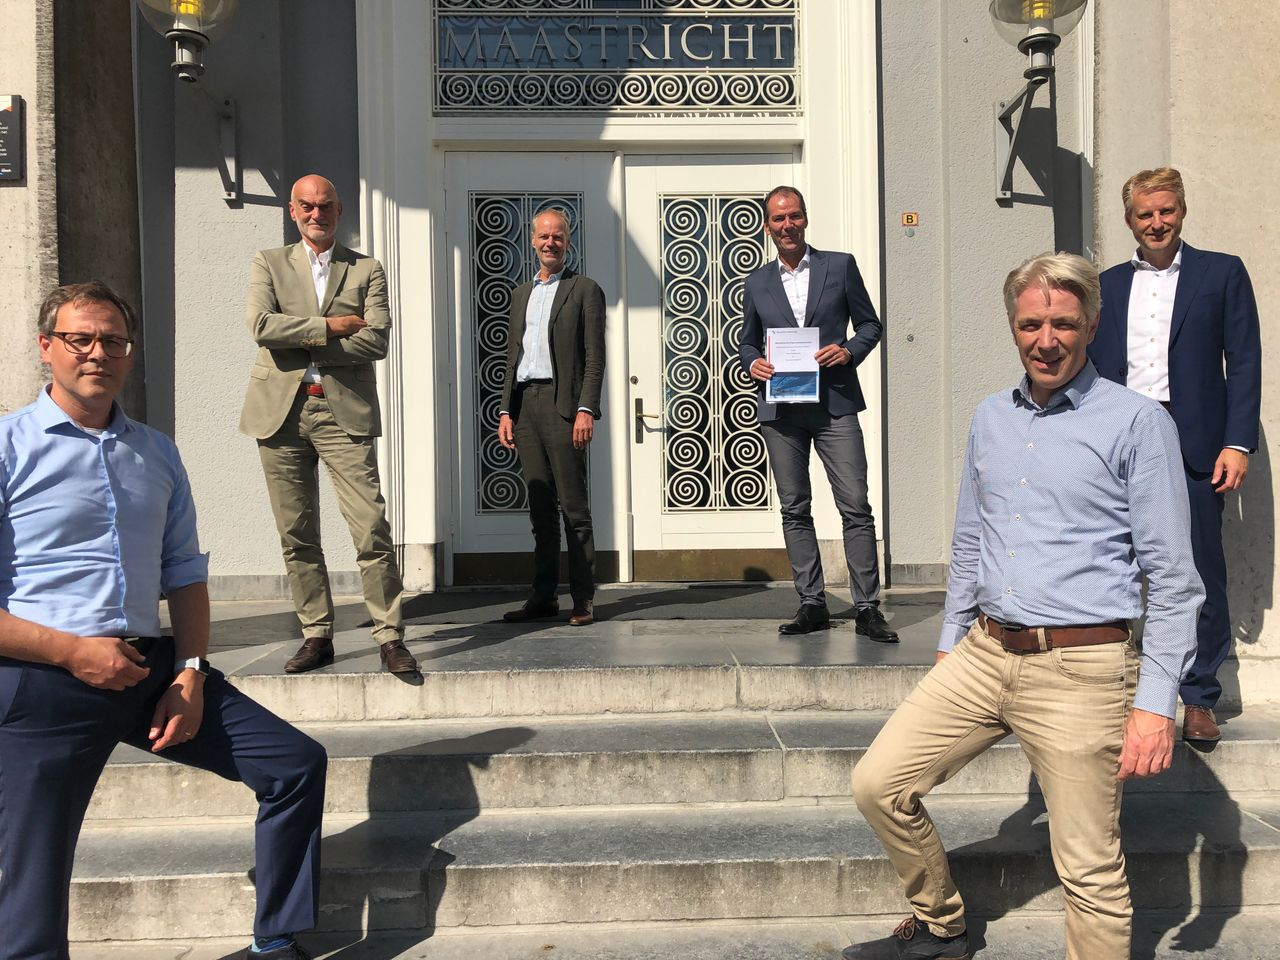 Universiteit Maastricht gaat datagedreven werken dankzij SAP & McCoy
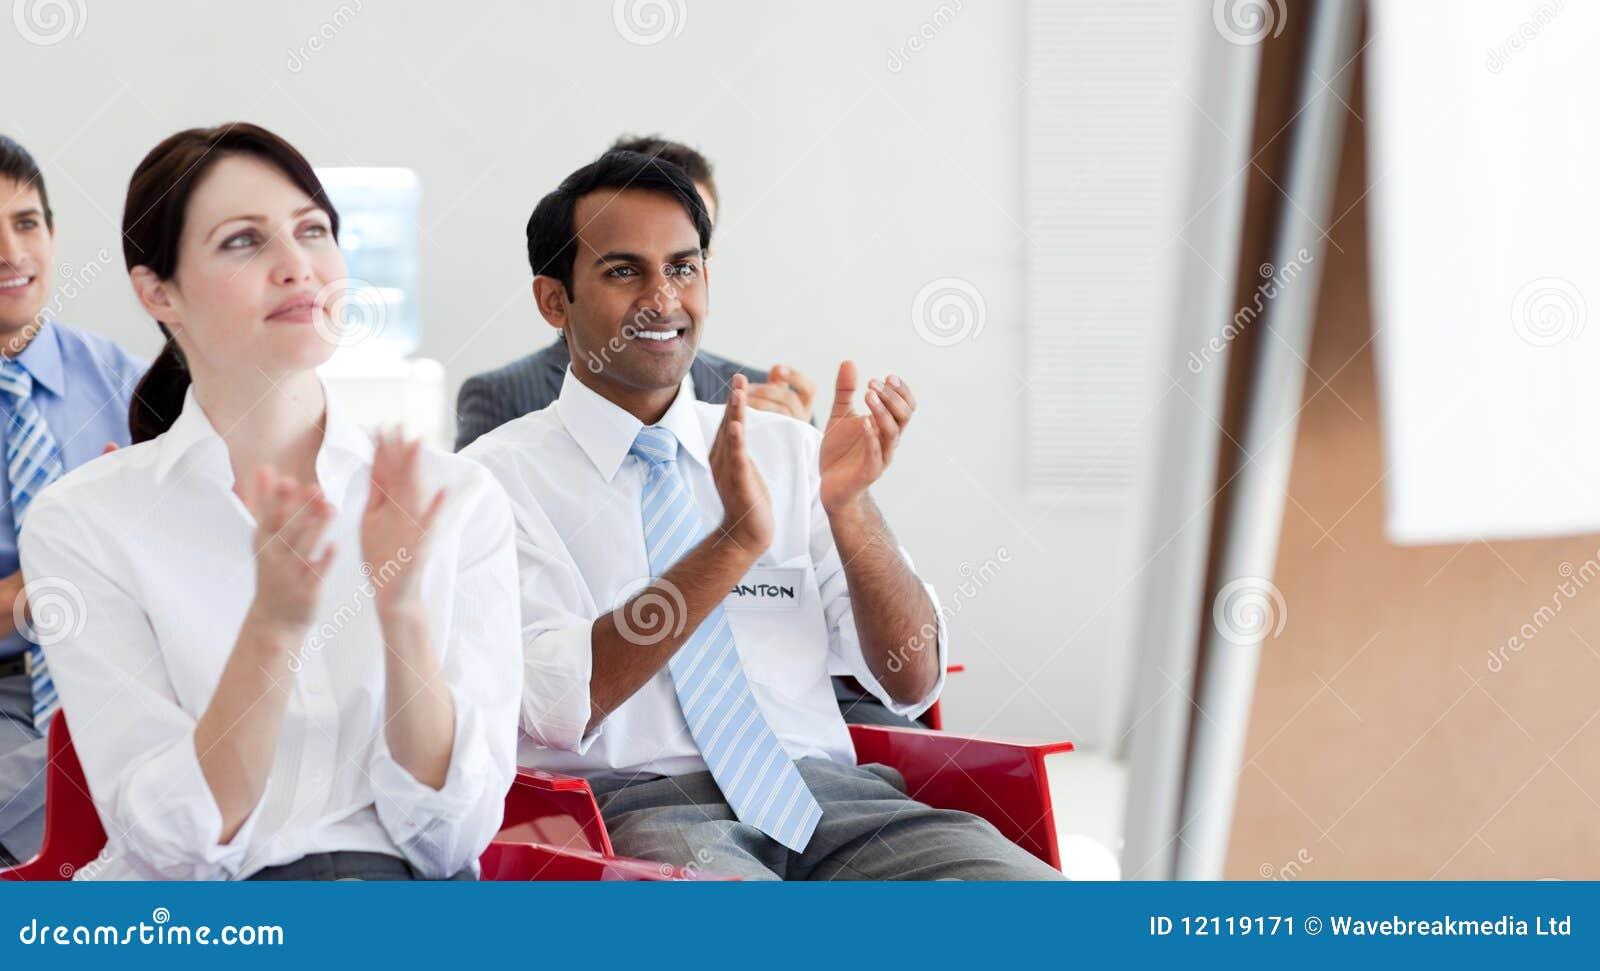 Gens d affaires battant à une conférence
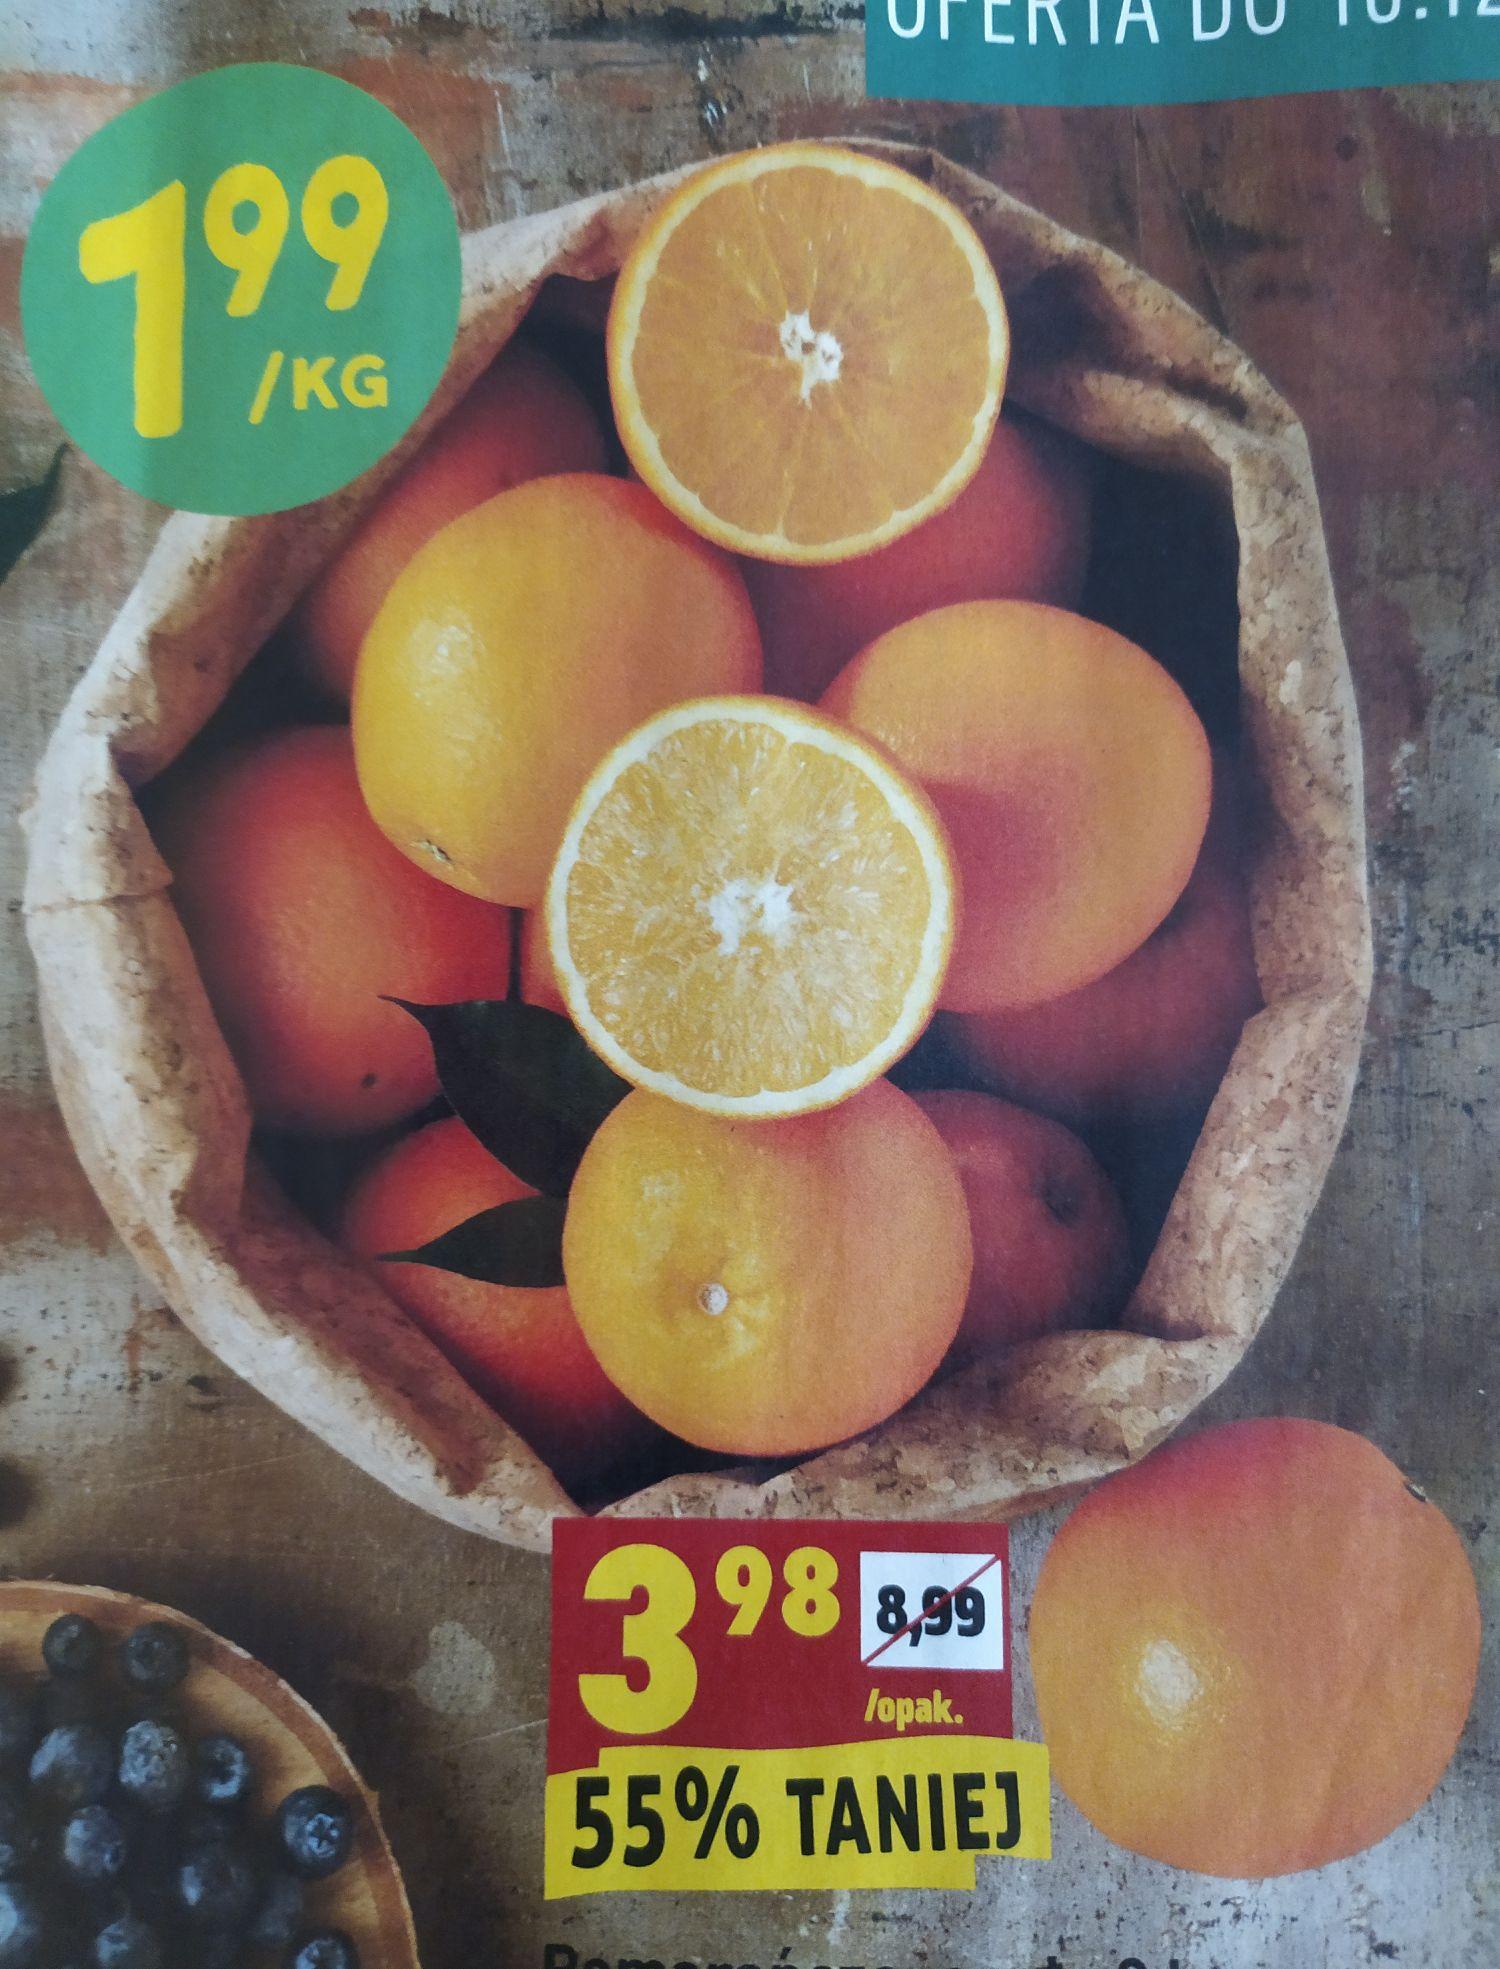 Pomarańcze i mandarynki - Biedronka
========
• WHAT NEEDS TO BE DONE: The reply should contain all of the data above, word for word, with no pictures.

• TASK SOLUTION:
 Universiteit Maastricht gaat datagedreven werken dankzij SAP & McCoy
 Gens d affaires battant à une conférence
 Pomarańcze i mandarynki - Biedronka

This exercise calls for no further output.